- **Dataset entries**:

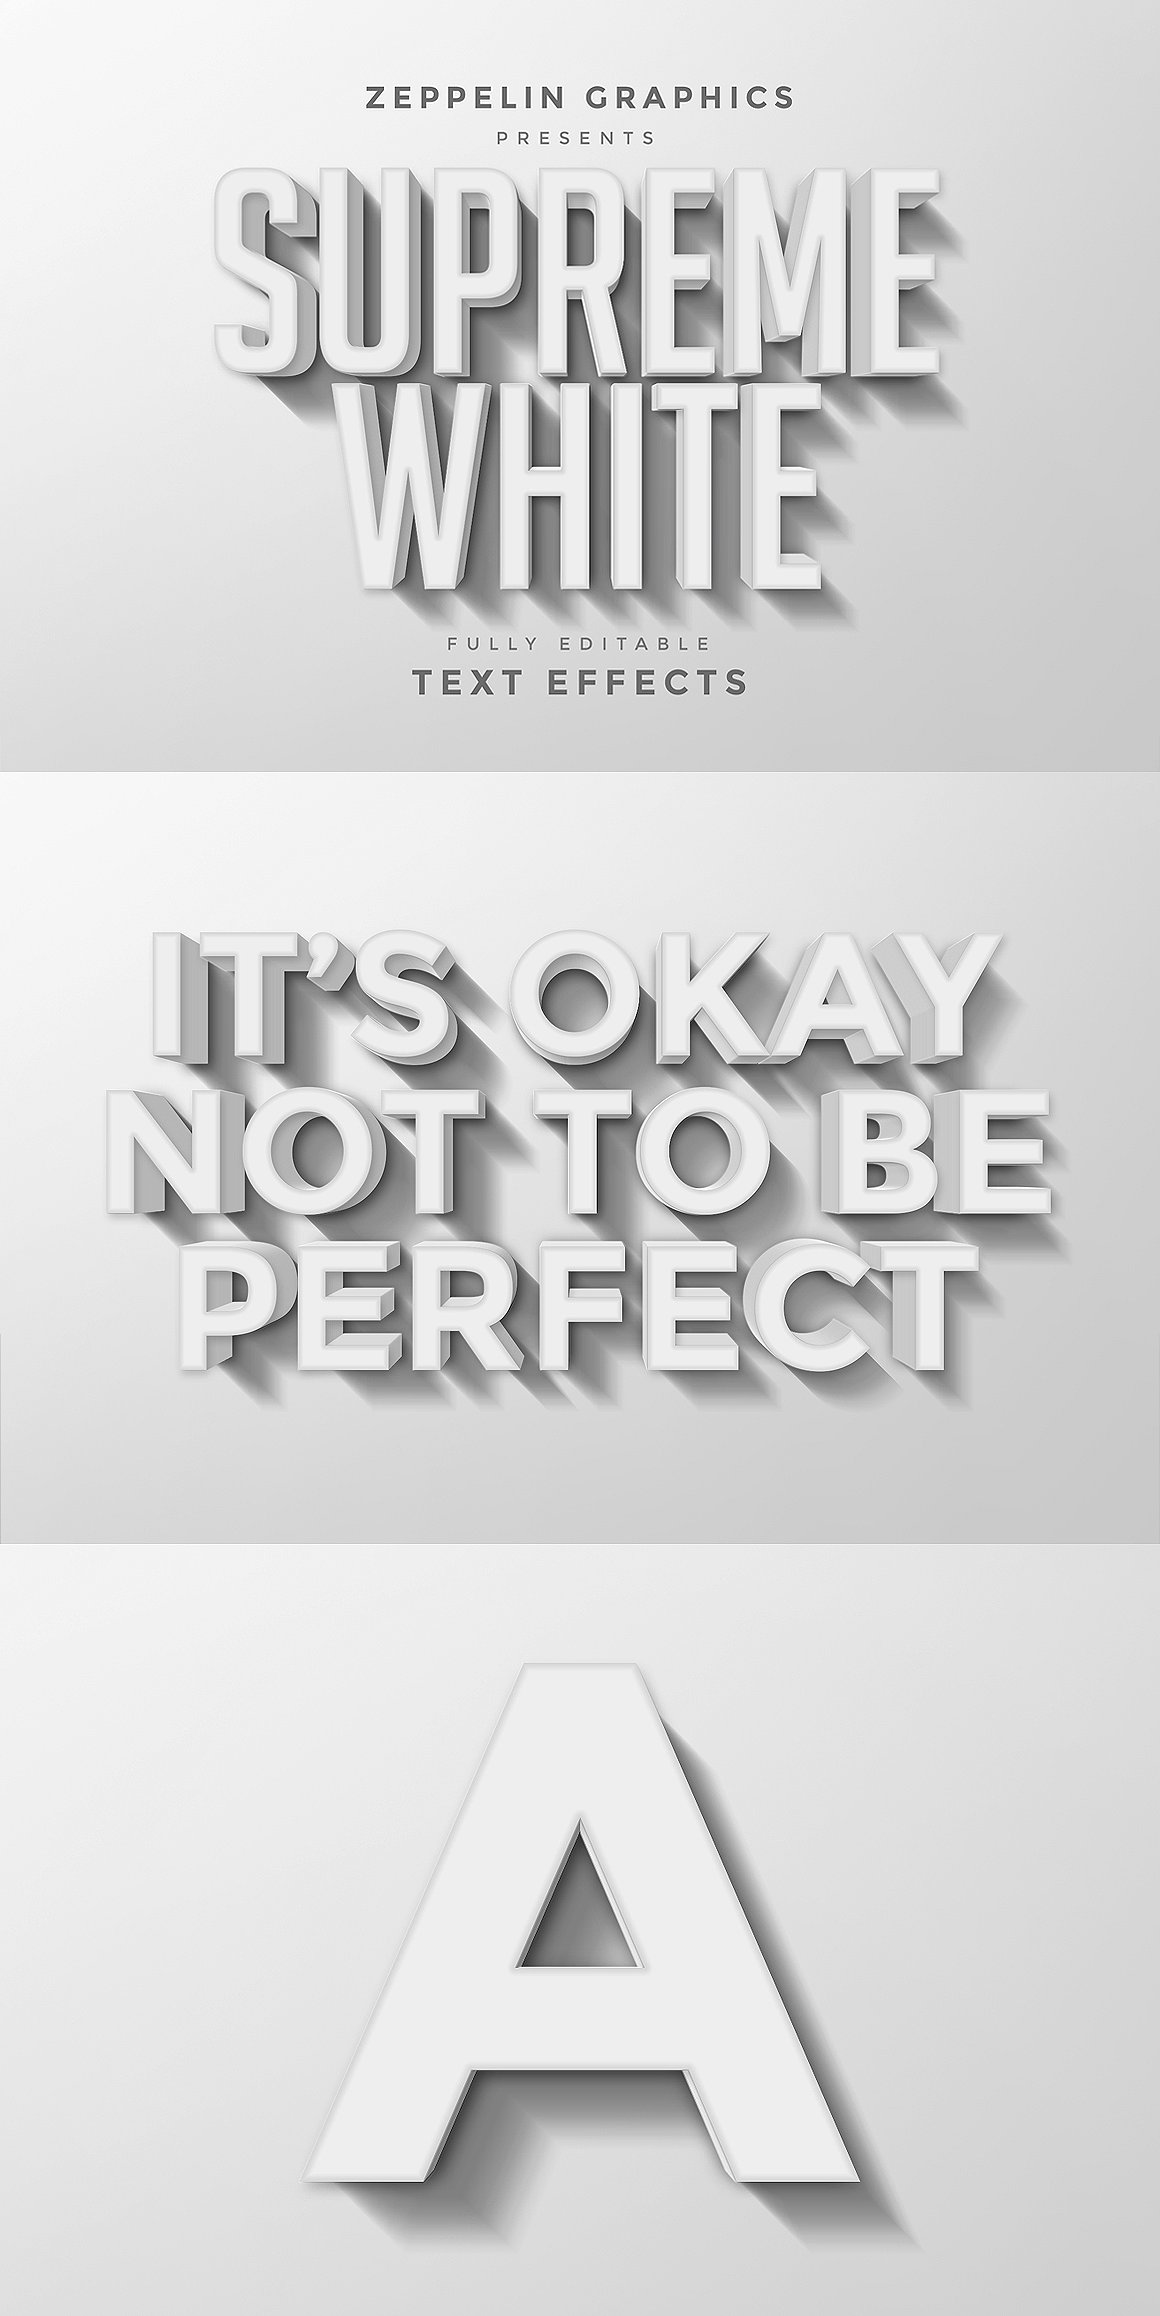 非常好用的3D文字图层样式 3D Text Effects插图12
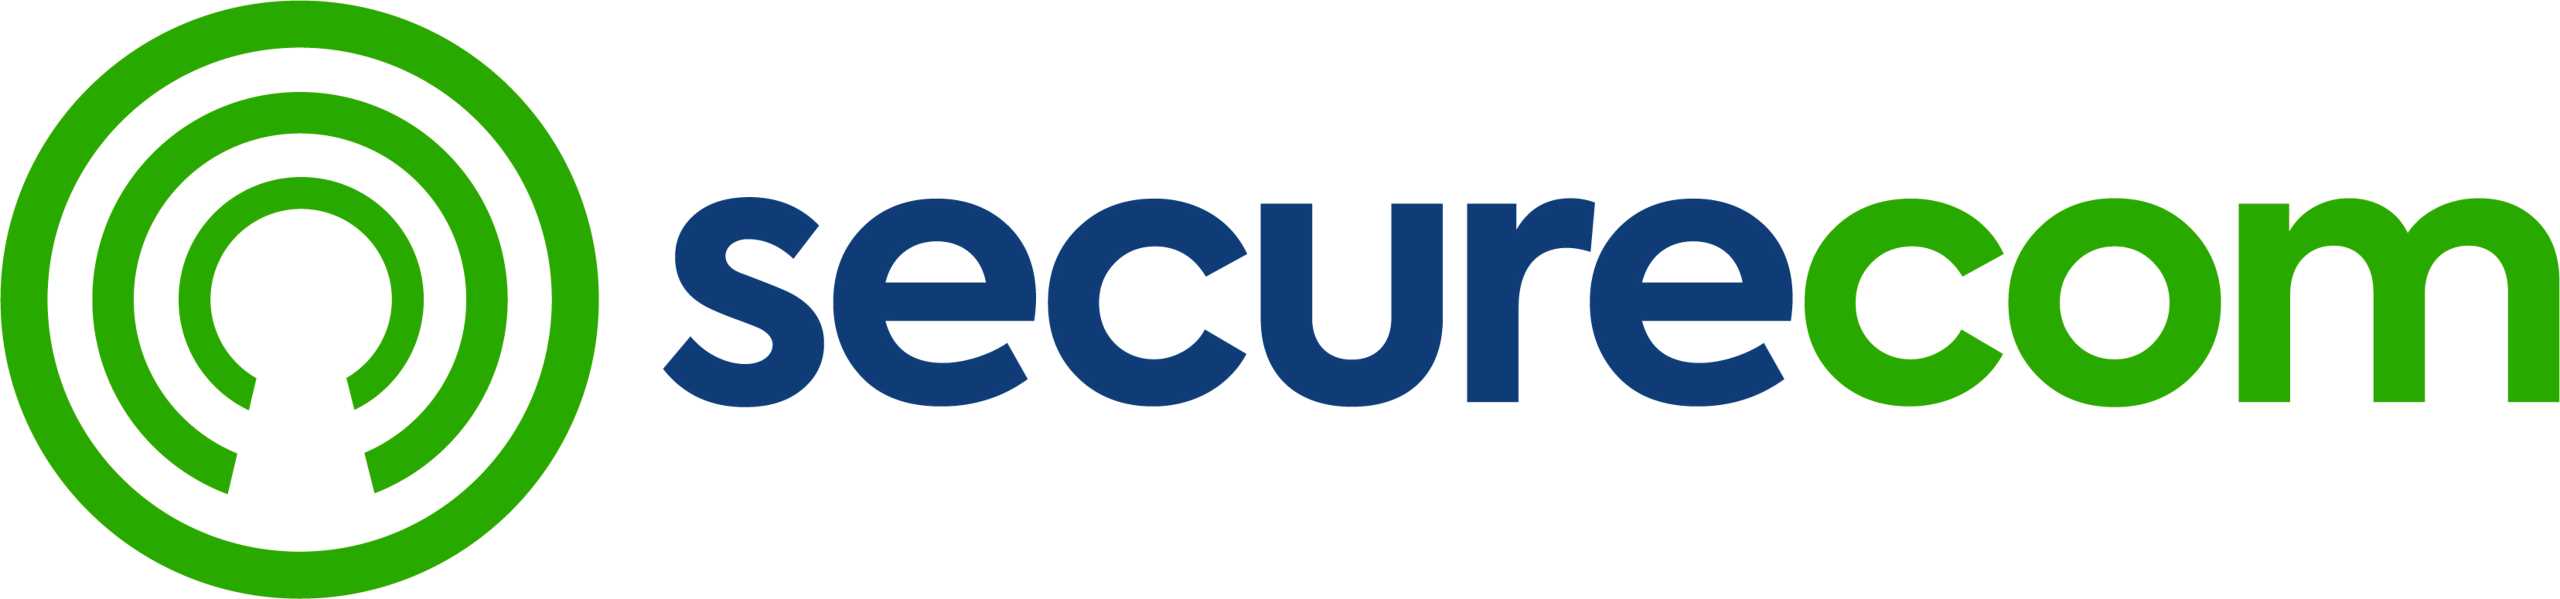 SecureCom logo_rgb
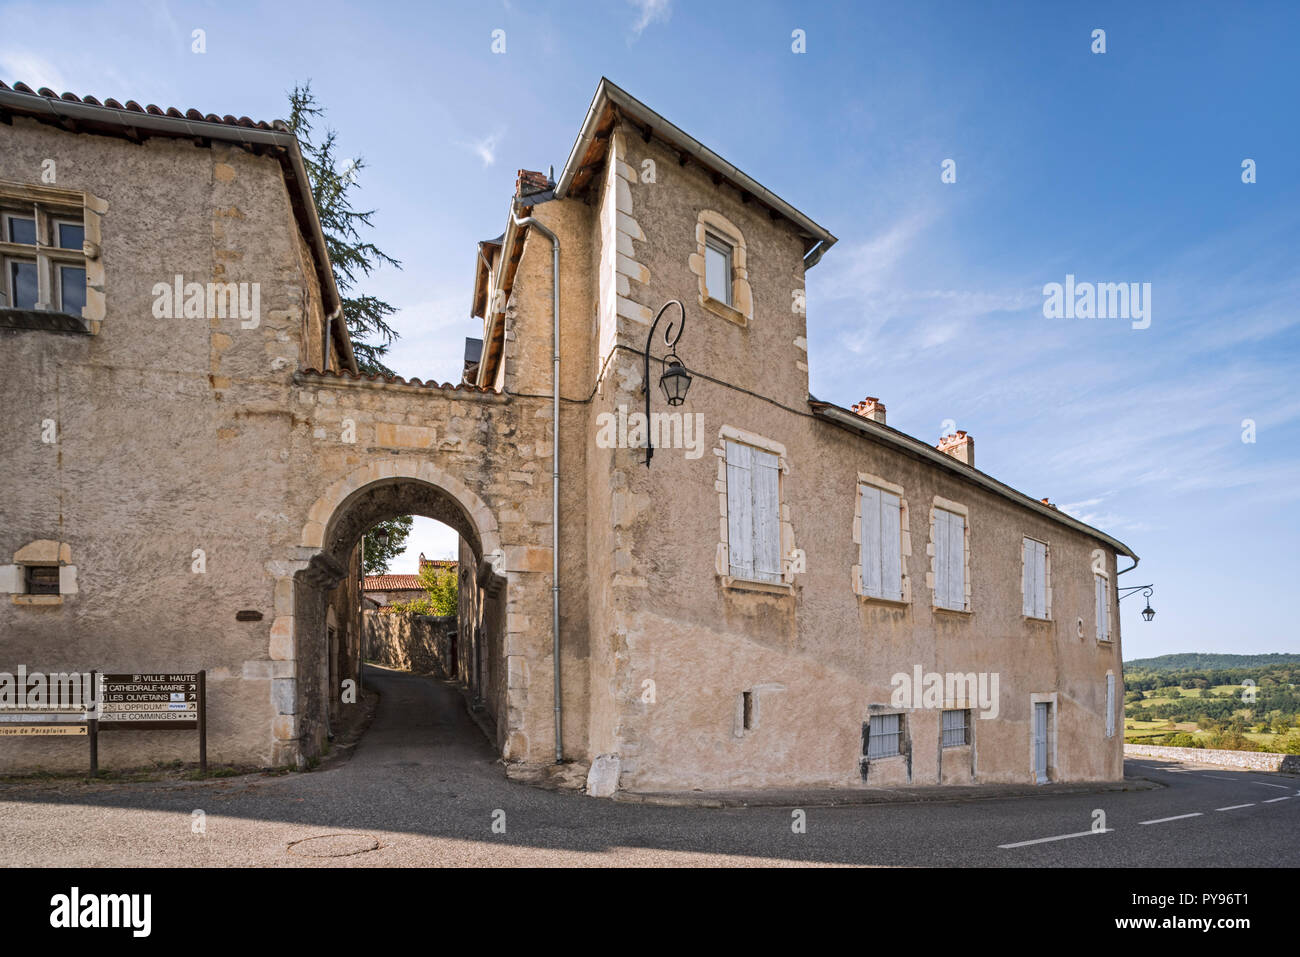 La puerta de la ciudad medieval de Porte Cabirole en la aldea Saint-Bertrand-de-Comminges, Haute-Garonne, Pirineos, Francia Foto de stock
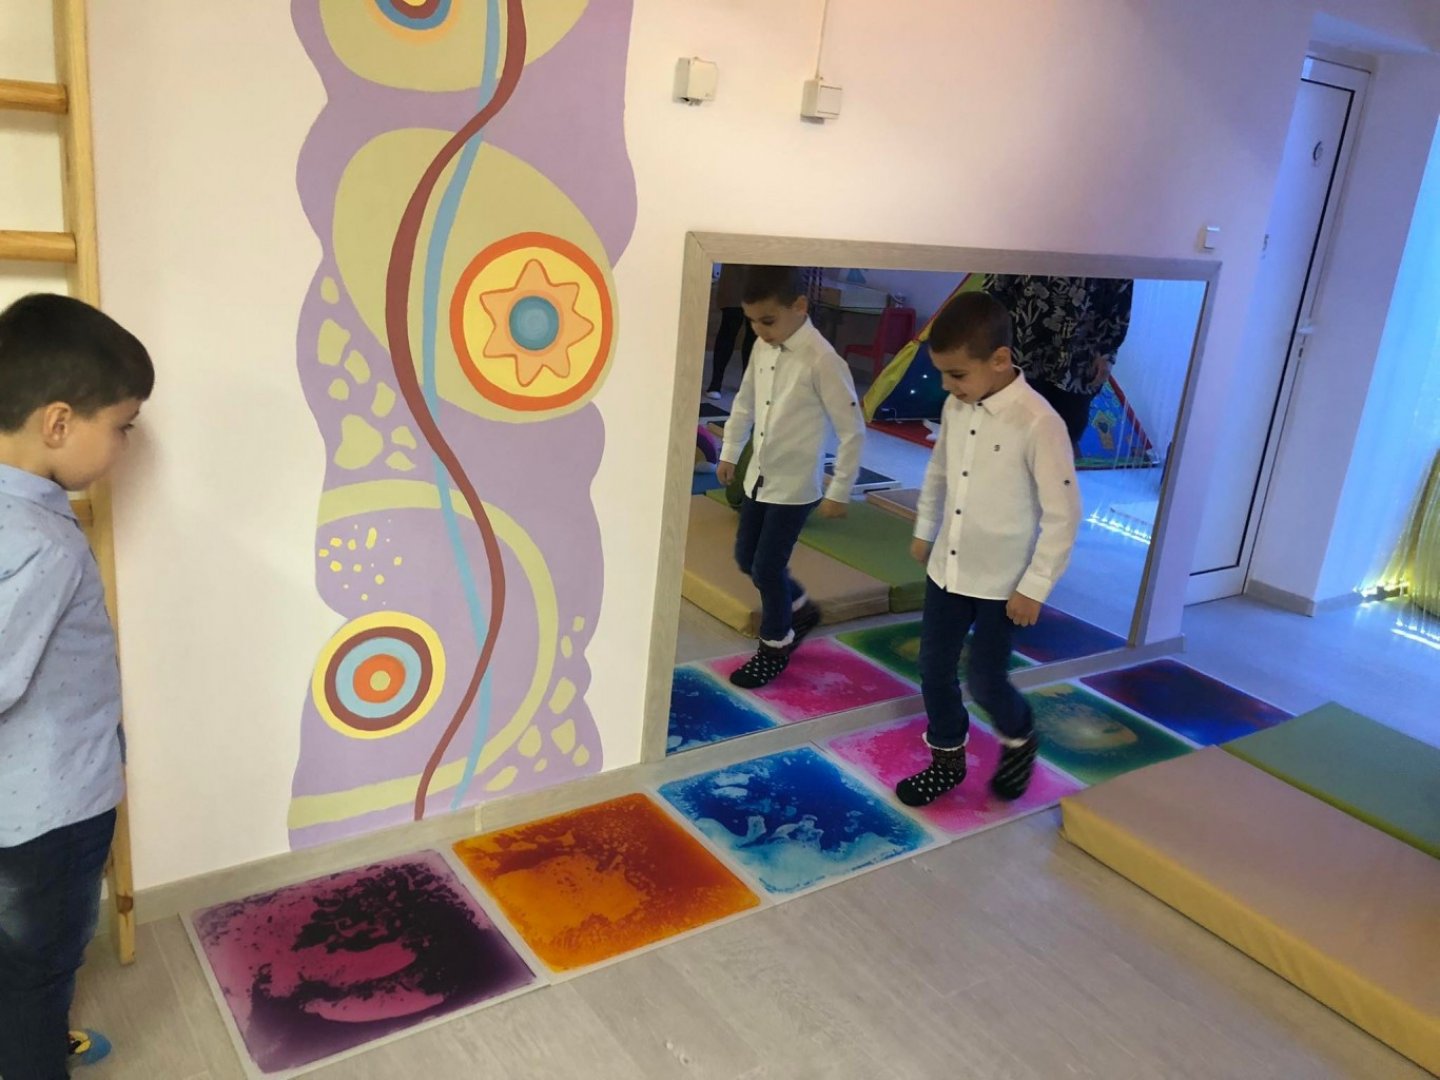 Сензорна стая ще стимулира развитието на дечица със специални нужди в бургаската детска градина ”З - E-Burgas.com
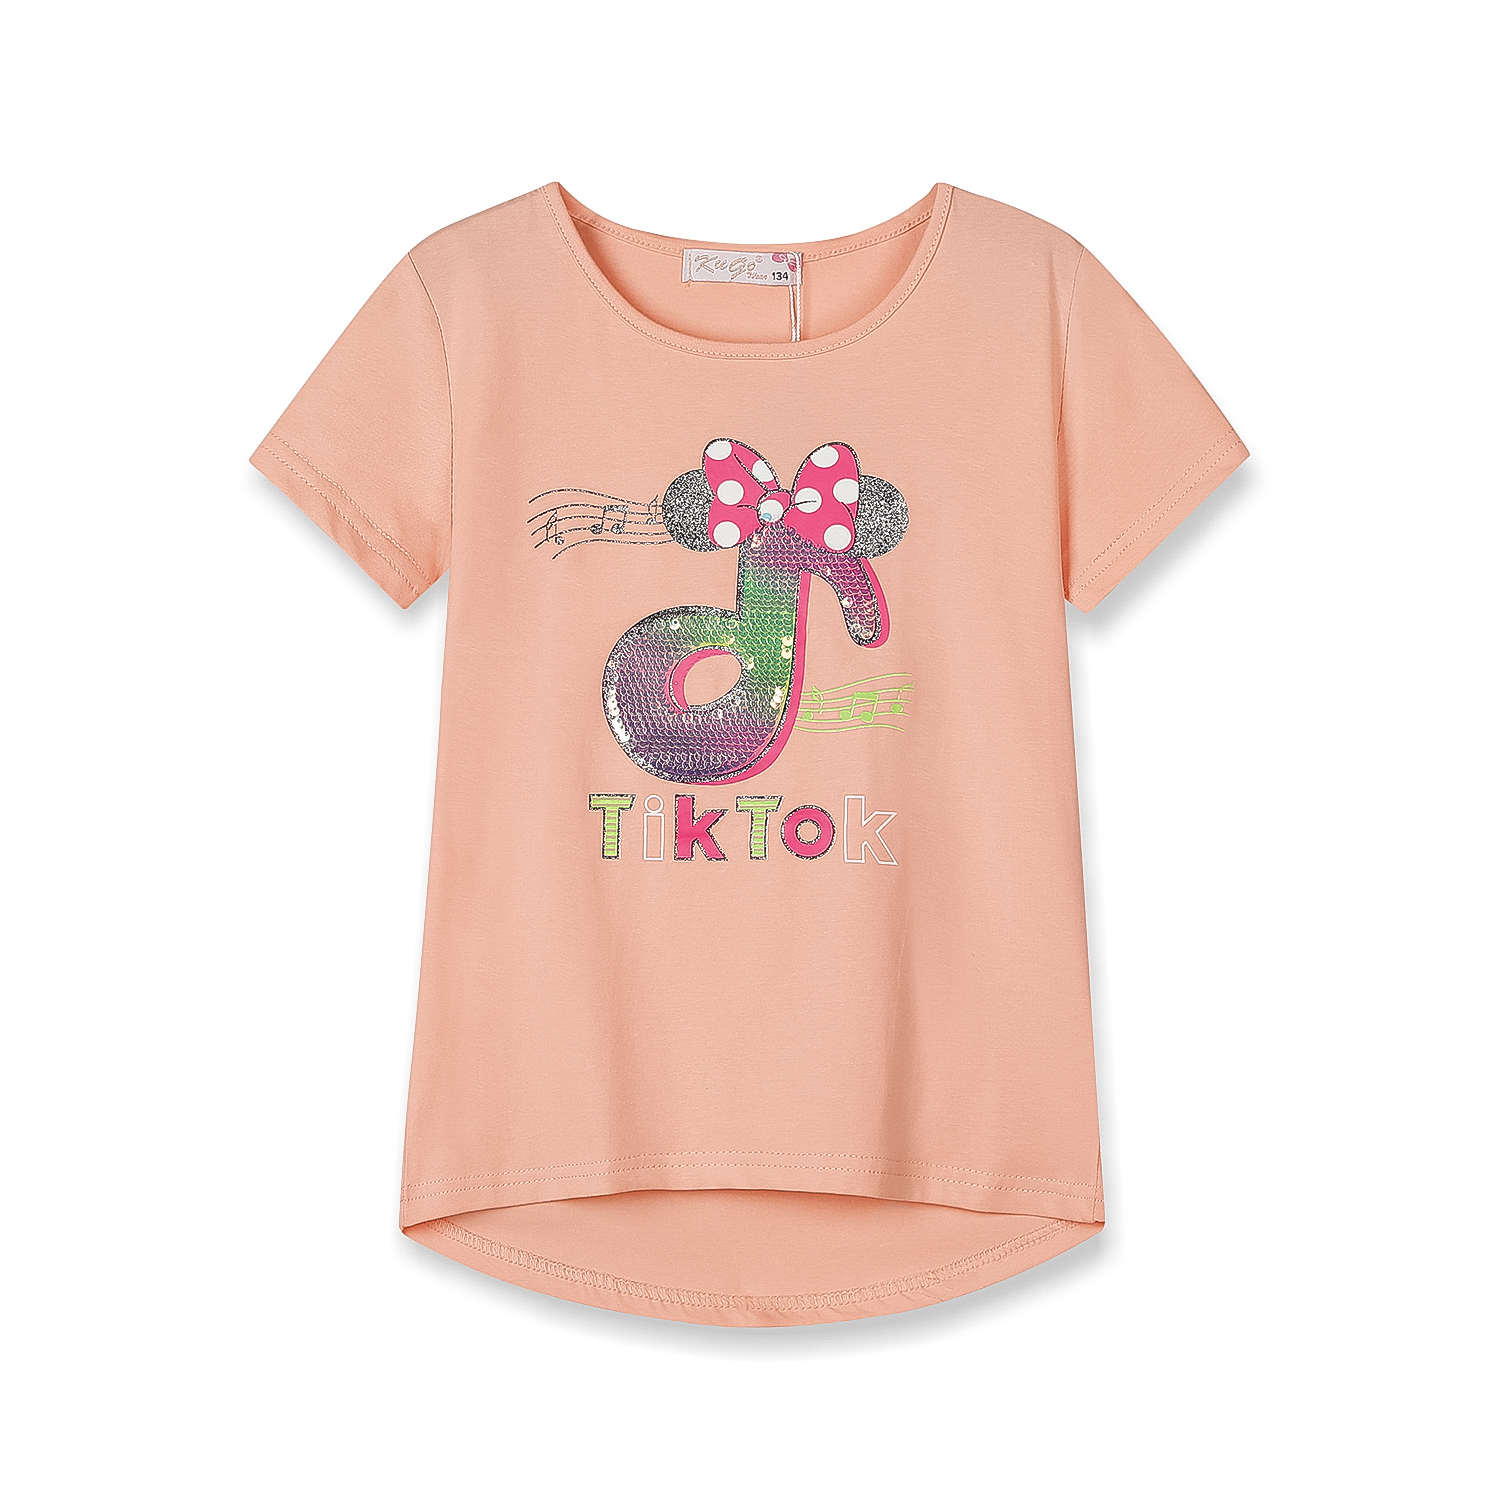 Dívčí triko s flitry - KUGO WK0803, lososová Barva: Lososová, Velikost: 134

- **The task**: Only the lines from the one holding "Сензорна стая ще" through the end of the data are to be printed, exactly as they stand and with no pictures.

- **Solution for this task**:
 Сензорна стая ще стимулира развитието на дечица със специални нужди в бургаската детска градина ”З - E-Burgas.com
 Dívčí triko s flitry - KUGO WK0803, lososová Barva: Lososová, Velikost: 134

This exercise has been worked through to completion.